Civil society groups in the DRC report a $132 million loss tied to a 2008 infrastructure deal with China. The Congo is Not for Sale (CNPV) highlights excessive tax exemptions to Chinese firms as a primary issue. With potential losses of $7.5 billion over the next 17 years, the agreement, despite its contention’s lack of legal grounding, persists beyond the scope of the Congolese Mining Code, raising concerns about fiscal management.
Civil society organizations in the Democratic Republic of Congo (DRC) are expressing serious concerns regarding a $132 million financial loss linked to a 2008 infrastructure-for-minerals agreement with a Chinese consortium. In a report released on March 5, 2025, the group Congo is Not for Sale (CNPV) highlighted this shortfall for 2024, despite attempts to renegotiate the deal last year, as reported by local media Actualite CD.
The report criticizes extensive tax exemptions granted to Chinese firms, which have continued to erode the DRC’s financial benefits from the agreement. The CNPV specifically points out that the contract’s exclusion from the Congolese Mining Code permits the continuation of these fiscal privileges unchecked. Reportedly, the DRC incurred approximately $443 million in losses from tax and parafiscal exemptions in 2023 alone, comprising 16% of the nation’s total tax expenditures.

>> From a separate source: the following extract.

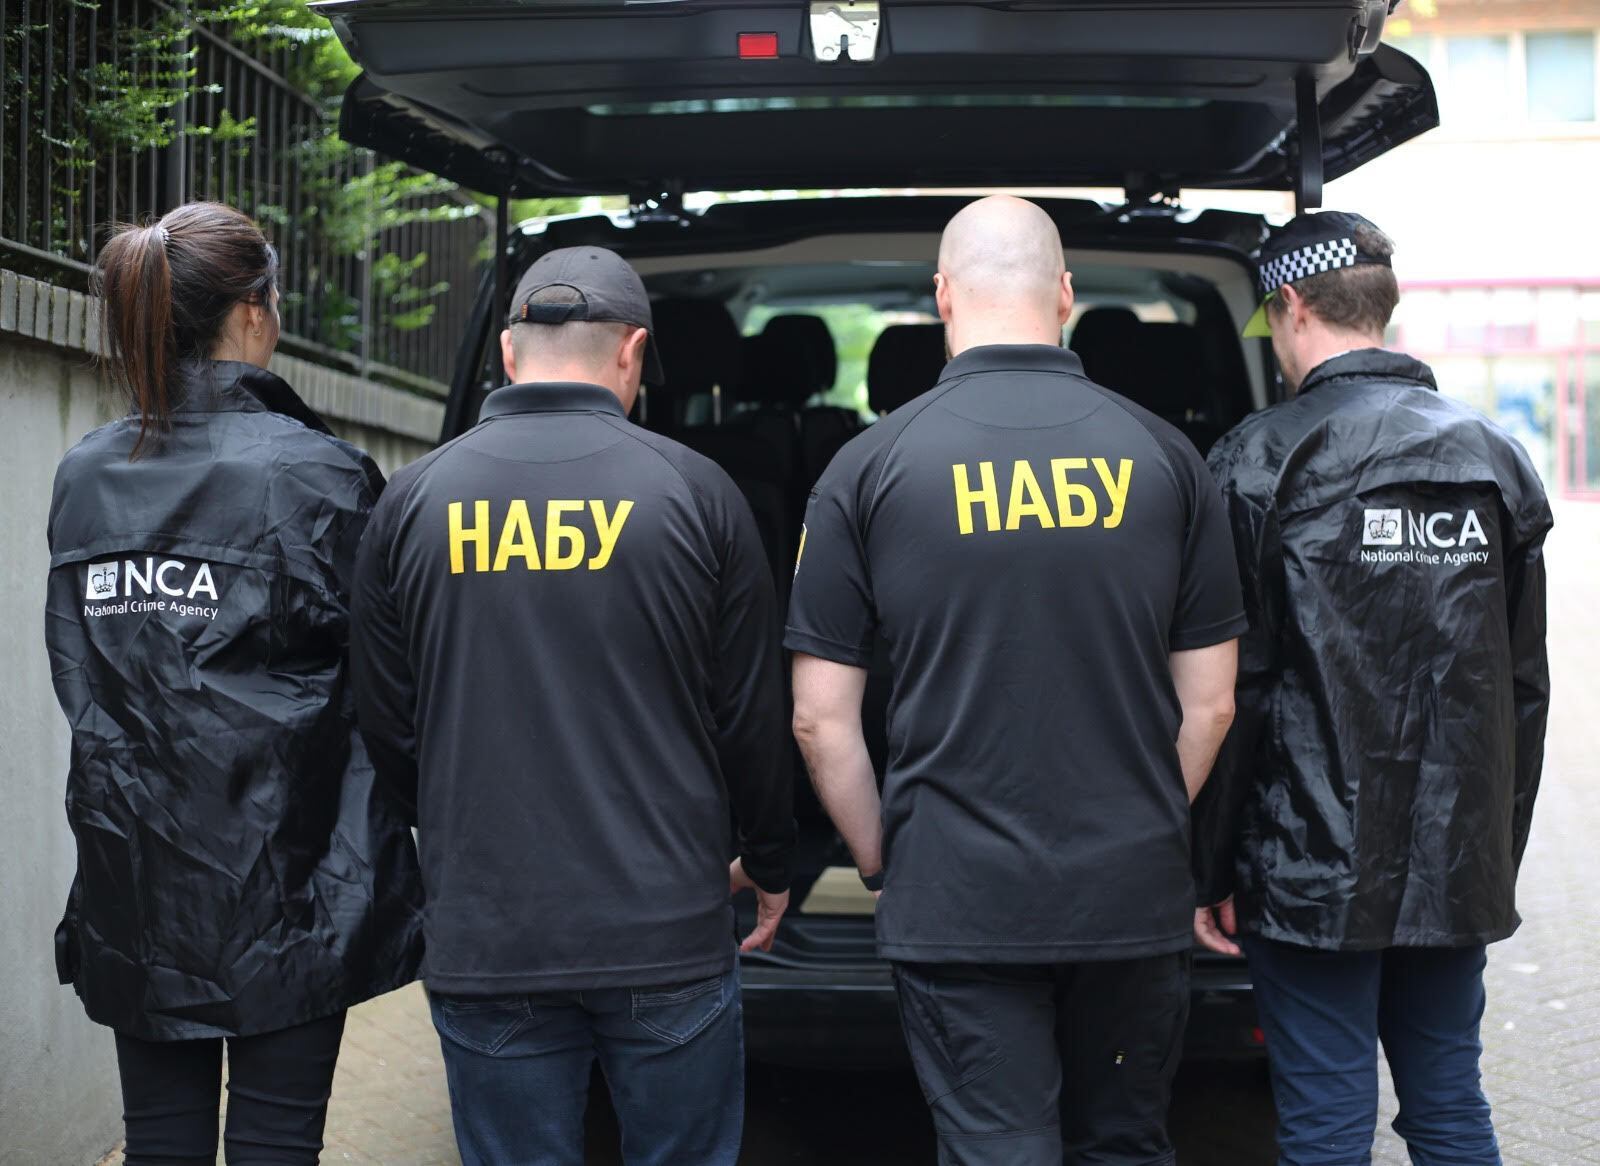 В Лондоне британские и украинские следователи получили доказательства против преступной организации из Одессы. Фото
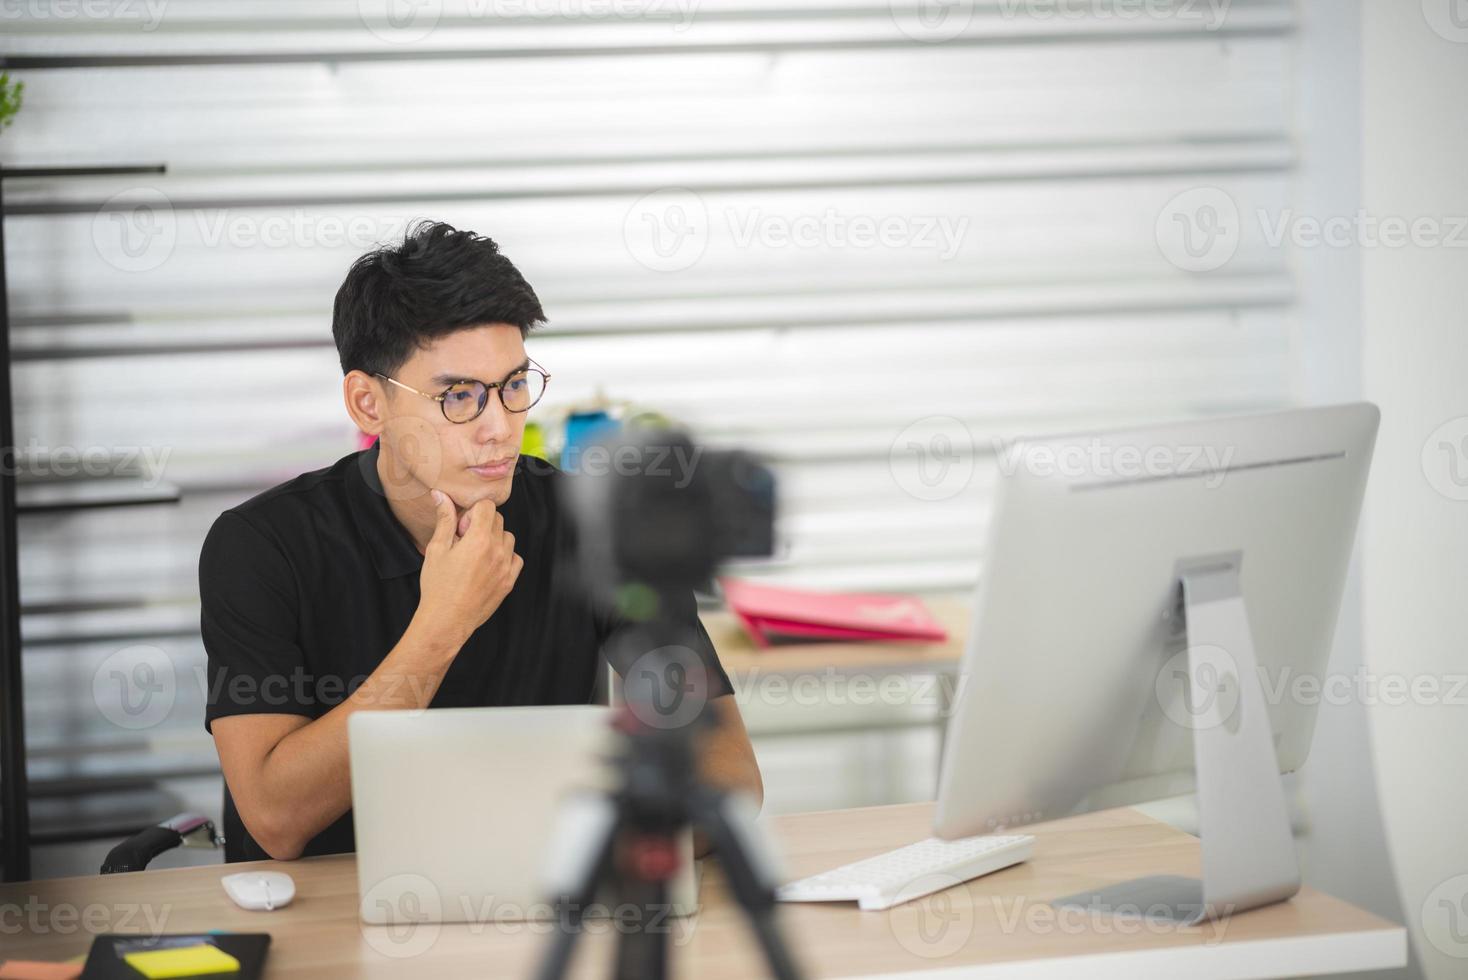 onlineförsäljning och marknadsföringskoncept för sociala medier, ung asiatisk man som arbetar med kamera till livestreaming för att sälja en produkt och visa paket för att granska, sända cyberrymden och bloggbutik foto

During the presentation of the report, CNPV member Baby Matabishi cautioned that, if the current exemptions persist, the DRC could suffer total losses up to $7.5 billion over 17 years. These potential losses arise from Law No. 14/005, which provides broad tax, customs, and parafiscal exemptions for collaborative agreements, including the Sino-Congolese contract. “This contract has remained structurally imbalanced since its inception,” Matabishi remarked, further emphasizing the need to address the disproportionate nature of these exemptions and the contract’s management outside standard governmental oversight.
Despite the original agreement being established in 2008 without a robust legal basis, the Congolese government defended the exemptions as essential for repaying loans utilized for infrastructure development and mining operations. Importantly, even after a new Mining Code was introduced in 2018, the contract continues to function separately from this framework, maintaining its distinct tax regime.
In summary, civil society organizations in the DRC have voiced significant concern about the long-term financial repercussions of the country’s agreement with the Chinese consortium. As articulated in the CNPV report, ongoing tax exemptions could lead to substantial projected losses, highlighting the inadequacies of the contract’s management and legal grounding. Continued scrutiny and potential reforms may be necessary to safeguard the nation’s financial interests.